* _ASSIGNMENT_:
Transcribe the data exactly, omitting whatever pictures it holds.

* _GIVEN MATERIAL_:
== Segment start ==
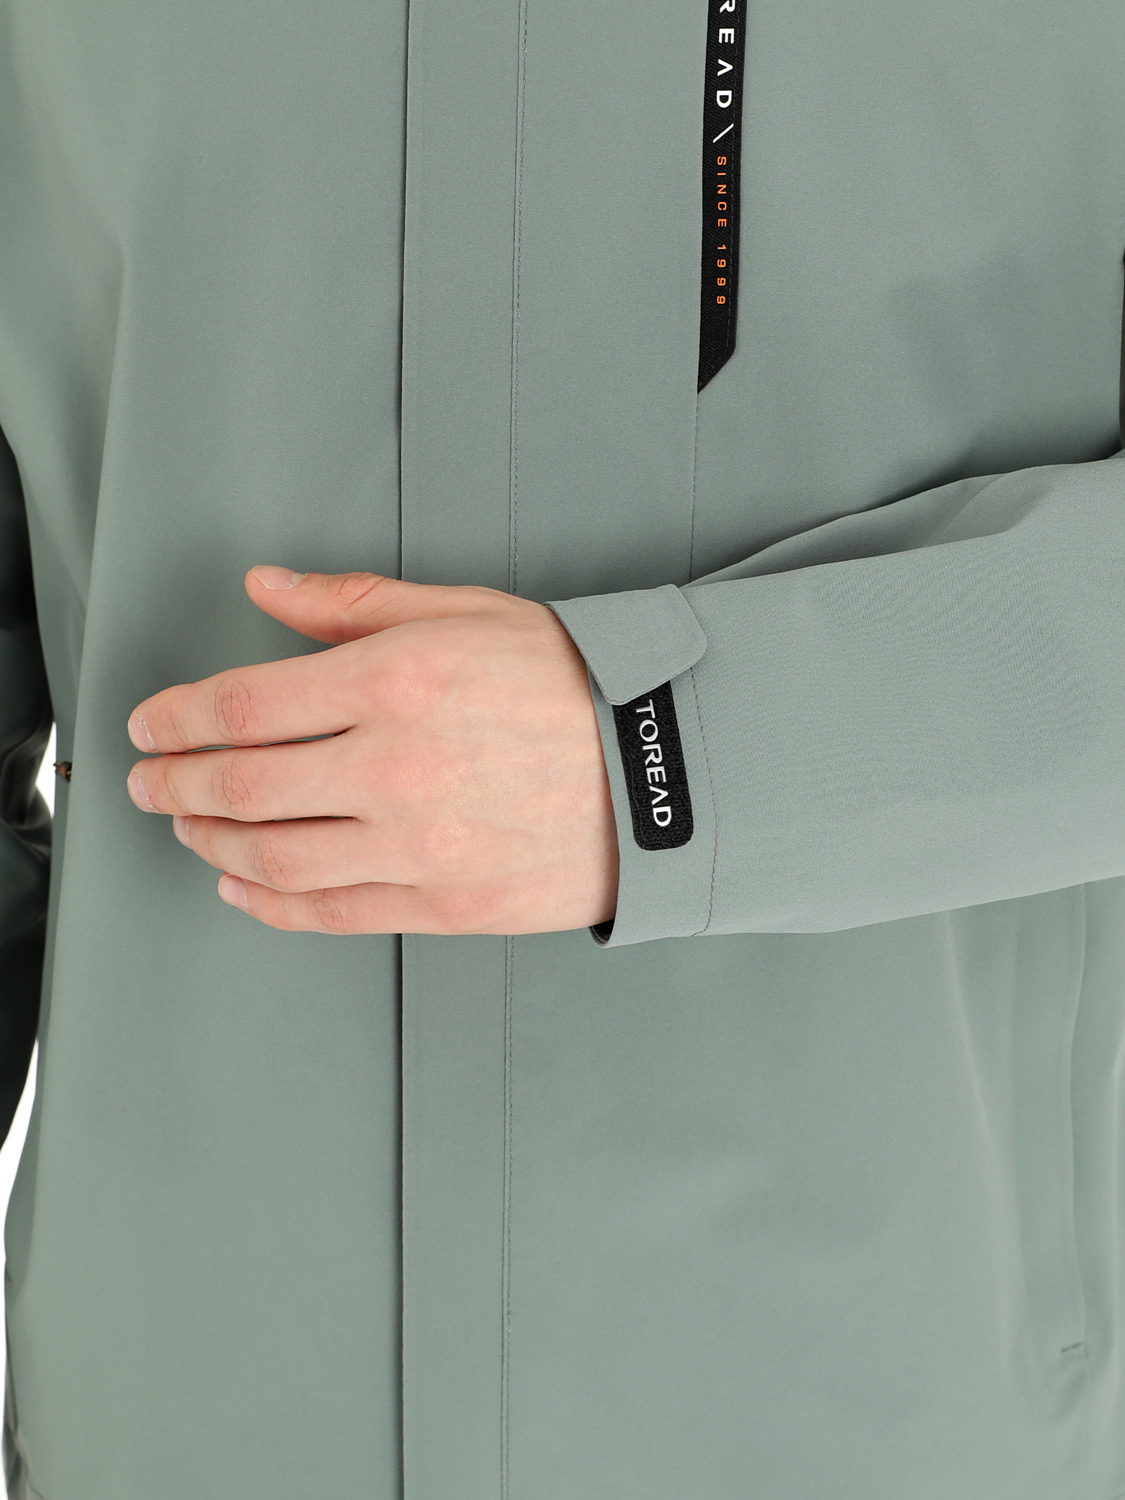 Куртка Toread Men's Jacket Grey lake green
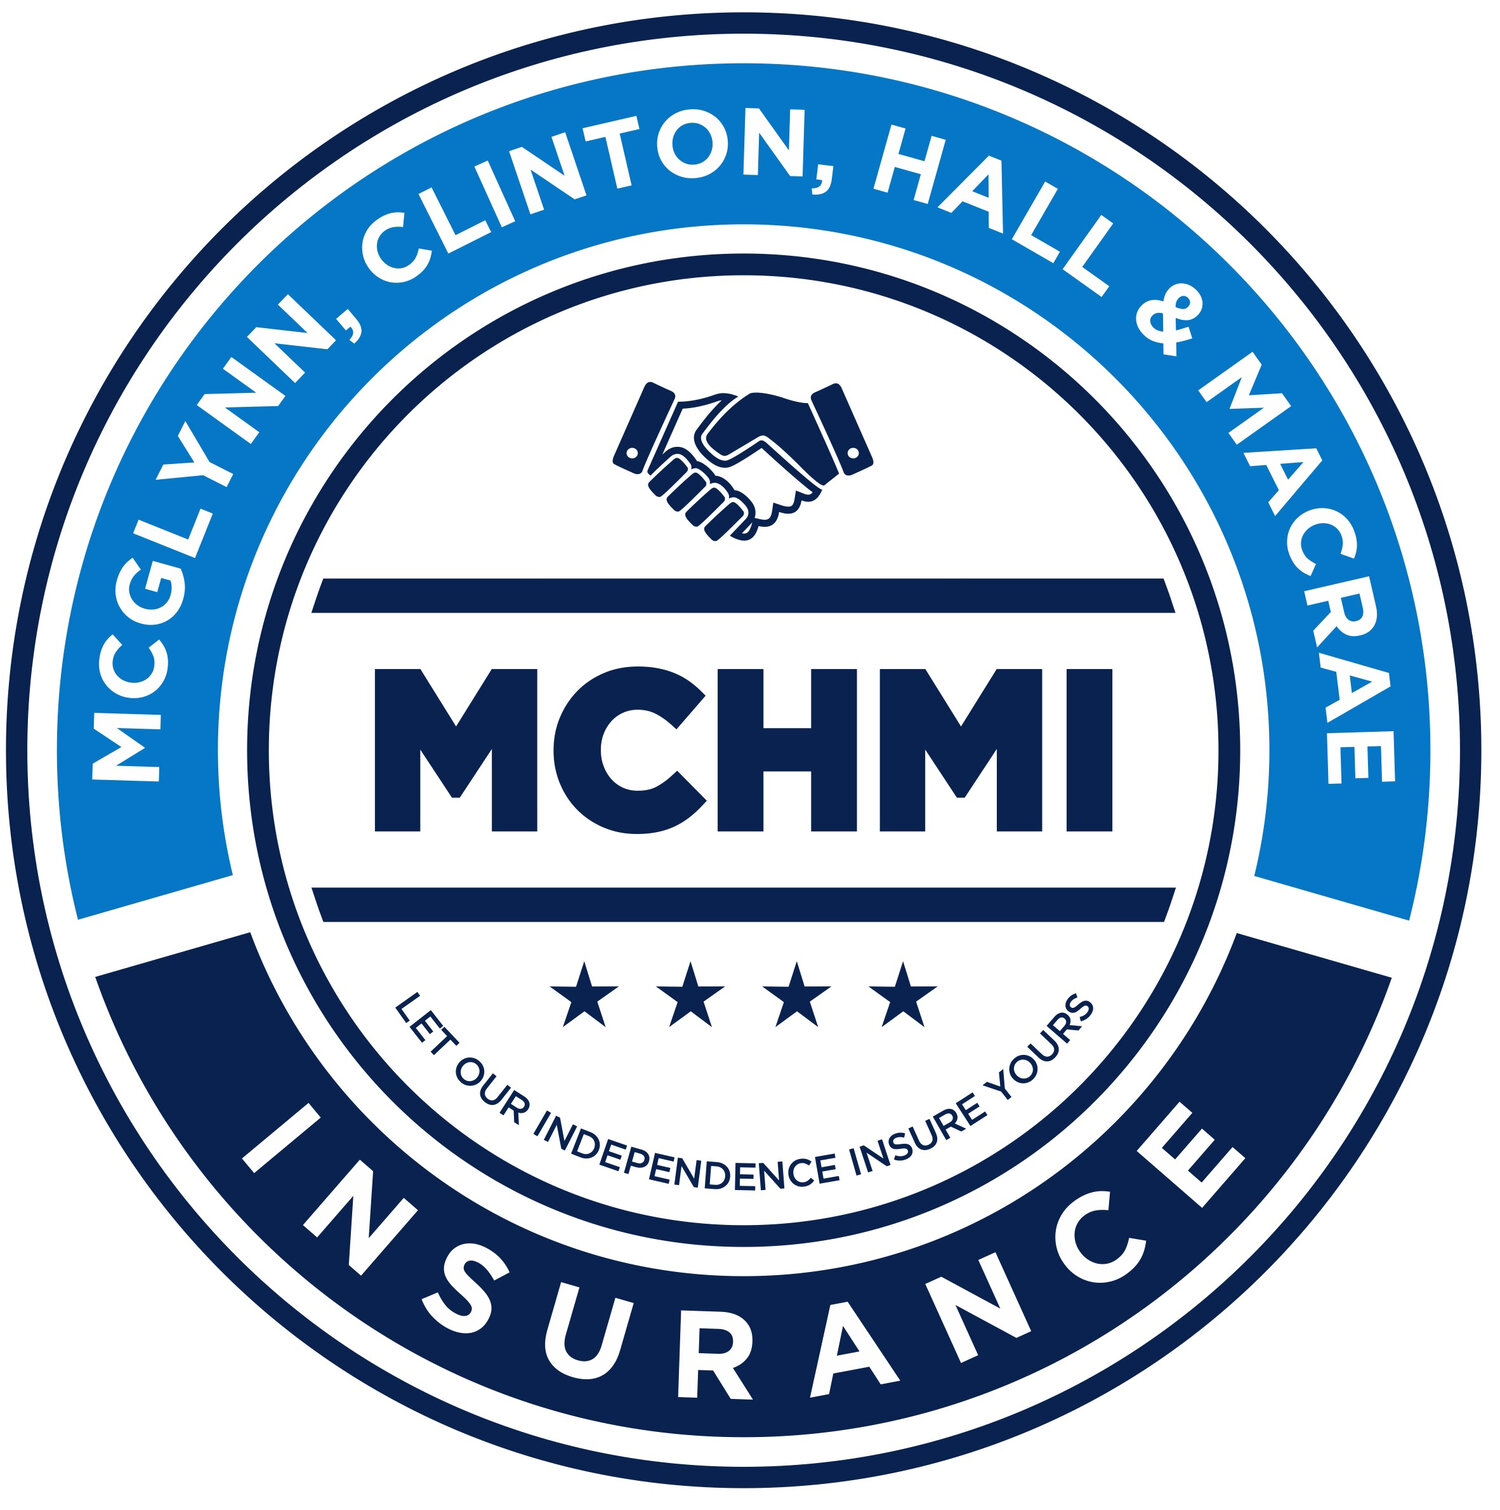 McGlynn, Clinton, Hall & MacRae Insurance Agencies Icon
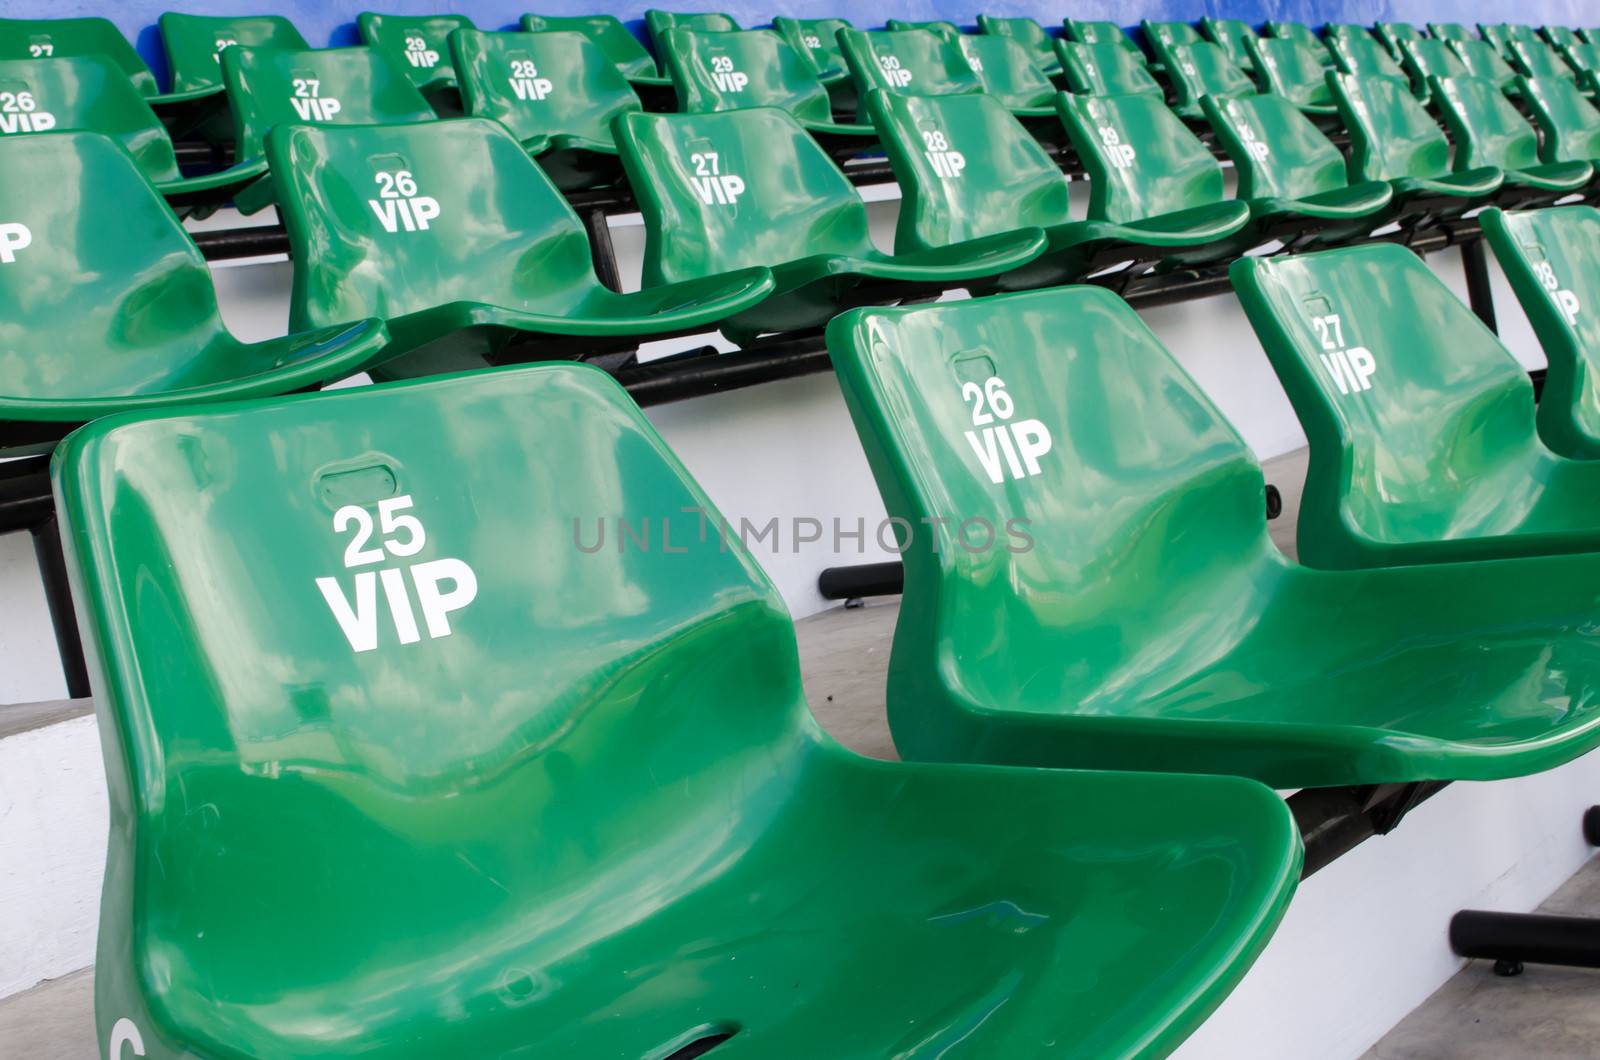 Stadium seats  by hinnamsaisuy
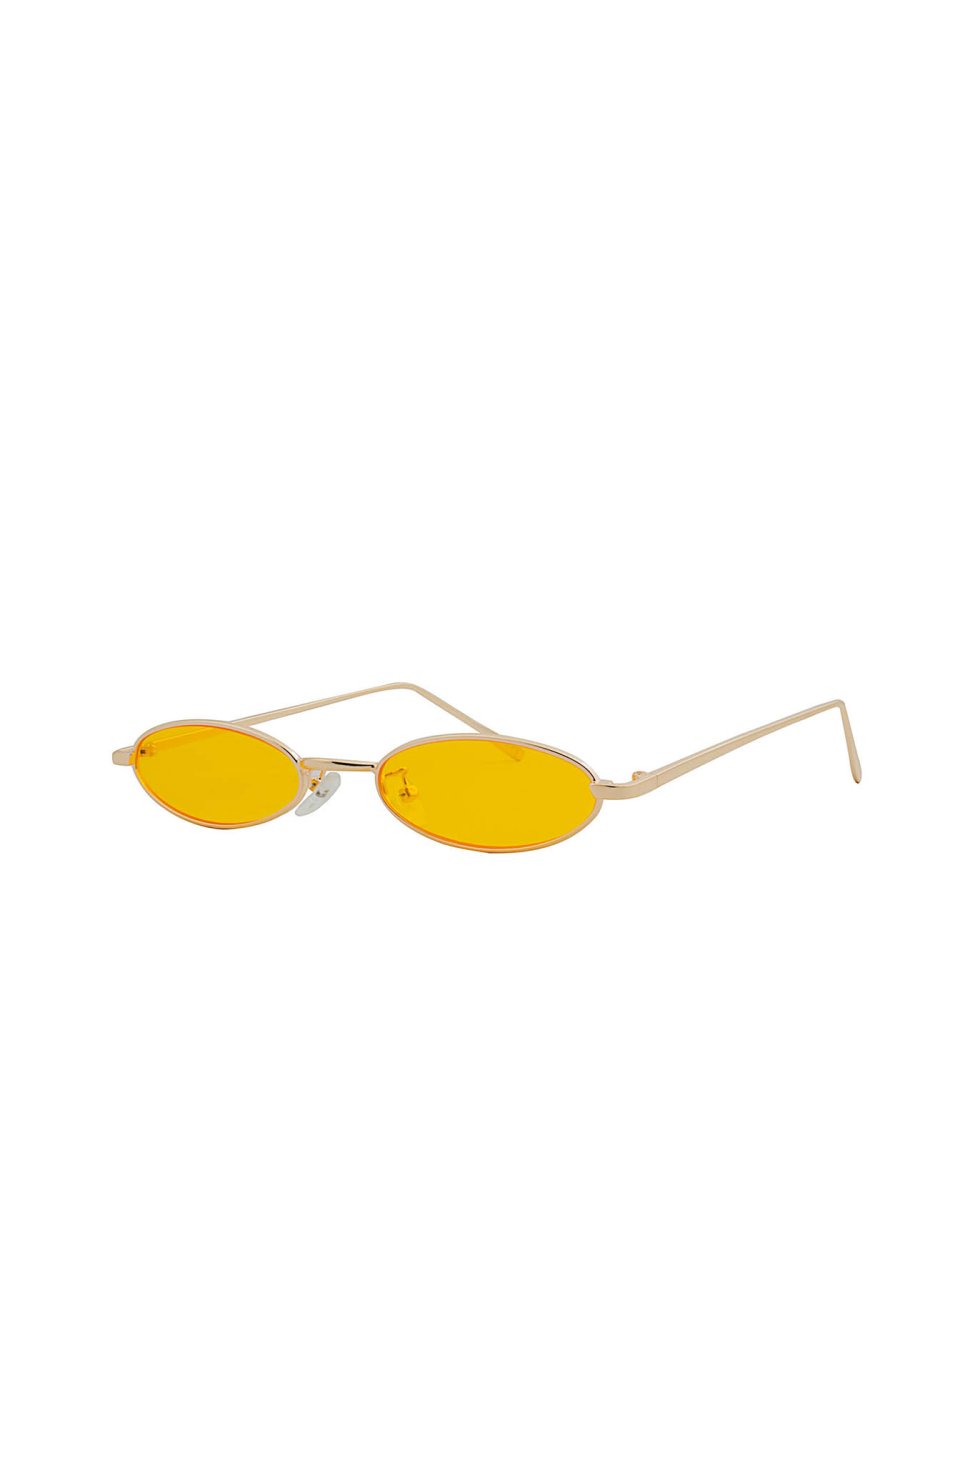 Media γυαλιά ηλίου χρυσός σκελετός κίτρινος φακός
== Segment end ==
* _WRITTEN ANSWER_:
 Куртка Toread Men's Jacket Grey lake green
 McGlynn, Clinton, Hall & MacRae Insurance Agencies Icon
 Stadium seats  by hinnamsaisuy
 Media γυαλιά ηλίου χρυσός σκελετός κίτρινος φακός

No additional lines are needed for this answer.